ASSked: Sie fordern eine Autonomie Schlesiens in den Grenzen von Polen. Einige sagen, es ist in erster Linie eine „innerpolnische Angelegenheit“, aber das Thema an sich ist sehr delikat – besonders in Deutschland. Wie begegnen Sie Vorwürfen des Revanchismus oder Rechtsextremismus?
Starosta: Zuerst, wir bemühen uns um die Autonomie Schlesiens, also unabhängig der jetzigen Grenzen, aber unter der Prämisse der Souveränität der beteiligten Staaten. Schon heute existieren Nachbarschaftsprojekte, die grenzenübergreifend gebildet wurden. Als Beispiel gelten die sogenannten Euroregionen Pomerania (DE-PL), Neiße-Nisa-Nysa (DE-CZ-PL), Silesia (CZ-PL).
Den Vorwurf des Rechtsextremismus weise ich entschieden von mir und unserem Verein ab. Einen Hinweis darauf gebe ich auf unserer Internetseite. Heimatverbundenheit und Neonazis passen nicht zusammen. Die Oder-Neiße Grenze als Außengrenze der Bundesrepublik Deutschland stelle ich keinesfalls in Frage und die vermeintliche Einmischung in innerpolnische Angelegenheiten begreife ich als gegenseitigen Austausch in einem offenen Europa.

ASSked: Wenn wir an Schlesien denken, kommen uns als erstes die deutsche Minderheit, die Landsmannschaften und der Vertriebenenverband in den Sinn. Gibt es hier Gemeinsamkeiten und Kooperationen?
Starosta: Es ist nicht ausgeschlossen, dass wir Kooperationen mit dem Bund der Vertriebenen oder der Landsmannschaft der Schlesier bilden. Gemeinsamkeiten gibt es durchaus. Ich verstehe allerdings unseren Verein jenseits des BdV und der Landsmannschaften. Es wäre auch verschwendete Energie, wenn wir nicht auf die deutsche Minderheit, die sozial-kulturelle Gesellschaft der Deutschen zugehen würden.

ASSked: Was bedeutet für Sie das „Europa der 100 Fahnen“ oder das „Europa der Regionen“?
Starosta: Das „Europa der Regionen“ heißt Vielfalt und Bereicherung, in Sprache, Kultur, Mentalität, Traditionen – und das schlägt sich in der Wirtschaft nieder. In den Bundesländern, Kantonen, autonomen Regionen und Regionen mit eigener Identität liegt die Kraft Europas, mit den jeweiligen Eigenarten, Charakteristika und Eigenwilligkeiten, auch grenzübergreifend.

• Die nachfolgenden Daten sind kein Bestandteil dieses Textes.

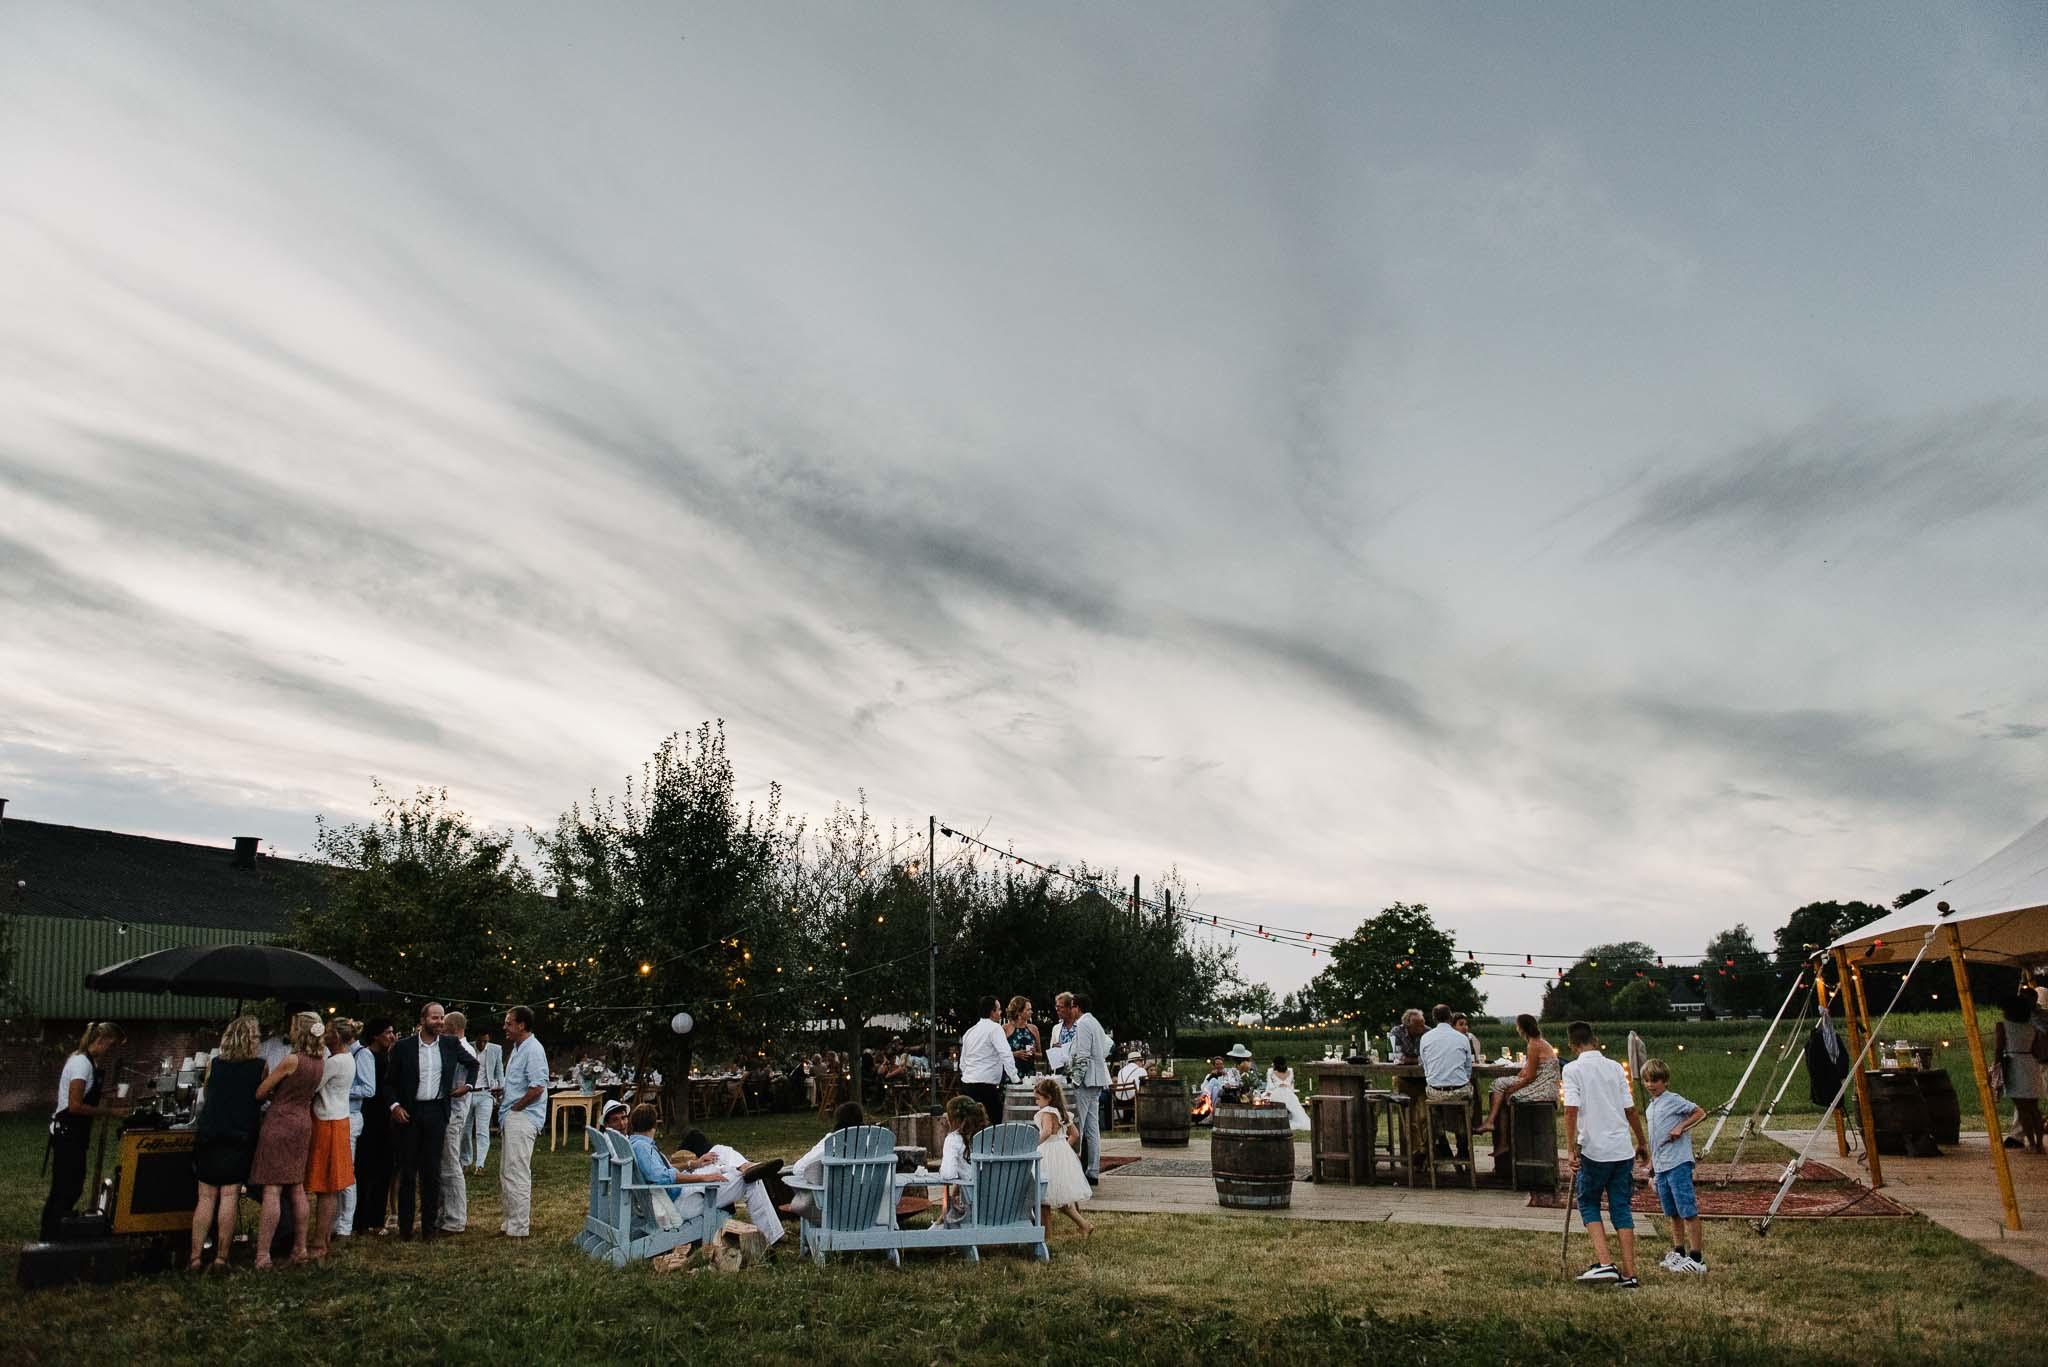 bohemian bruiloft festival stijl weiland

ASSked: Einer Ihrer Kooperationspartner ist die „Ruch Autonomii Śląska“ (RAŚ) [Übersetzung: Bewegung für die Autonomie Schlesiens] – eine polnische Bewegung, die sich für die Selbstverwaltung Schlesiens einsetzt. Wie sieht die konkrete Zusammenarbeit aus und wo soll sie in Zukunft münden?
Starosta: Wir haben am 17. Oktober 2009, nach dem Marsz Jednosci (Einheitsmansch) in Oppeln, eine schriftliche Kooperationsvereinbarung beschlossen. Die gemeinsamen Ziele sind die Entwicklung und Förderung Schlesiens sowie die Pflege der schlesischen Tradition und Erweiterung der Selbstverwaltung. Außer einem regen Kontakt und Austausch gibt es noch keine konkreten Projekte.

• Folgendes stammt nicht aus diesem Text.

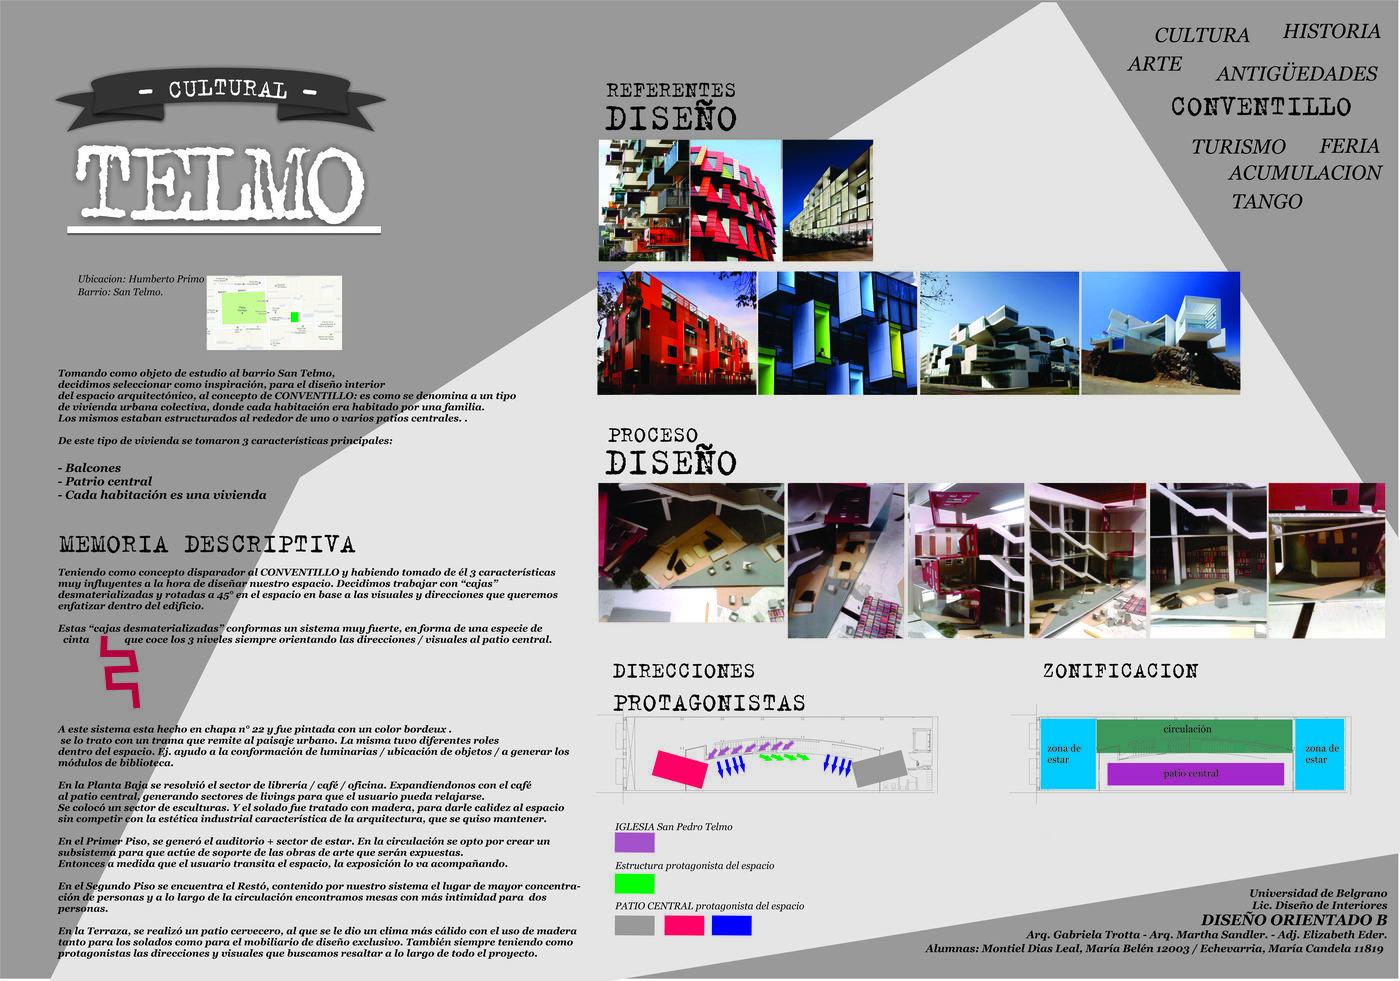 2012 Cultural Telmo By Maria Belen Montiel Dias Leal At

ASSked: Urząd Ochrony Państwa [Übersetzung: Amt für Staatssicherheit] hat in einem im Jahr 2000 an die Öffentlichkeit durchgesickertem Dossier geschrieben, dass sie die RAŚ als eine potentielle Gefahr für die polnischen Interessen ansieht. Haben Sie keine Angst vielleicht in etwas Unerfreuliches zu geraten und ist eine Bedrohung der polnischen Interessen wirklich begründet?
Starosta: Ich tue nichts Schlechtes oder Schlimmes und habe mir auch nichts vorzuwerfen, wenn ich mich für meine Heimat einsetzte. Viele Polen kennen ihre eigen Geschichte nicht und die Tatsache, dass die jetzige Autonomiebewegung auf die autonome Woiwodschaft Schlesien der Zweiten Polnischen Republik zurückreicht. Die Autonomiebewegung agiert nicht gegen den polnischen Staat, sondern setzt sich mit demokratischen Mitteln für oberschlesische Interessen ein.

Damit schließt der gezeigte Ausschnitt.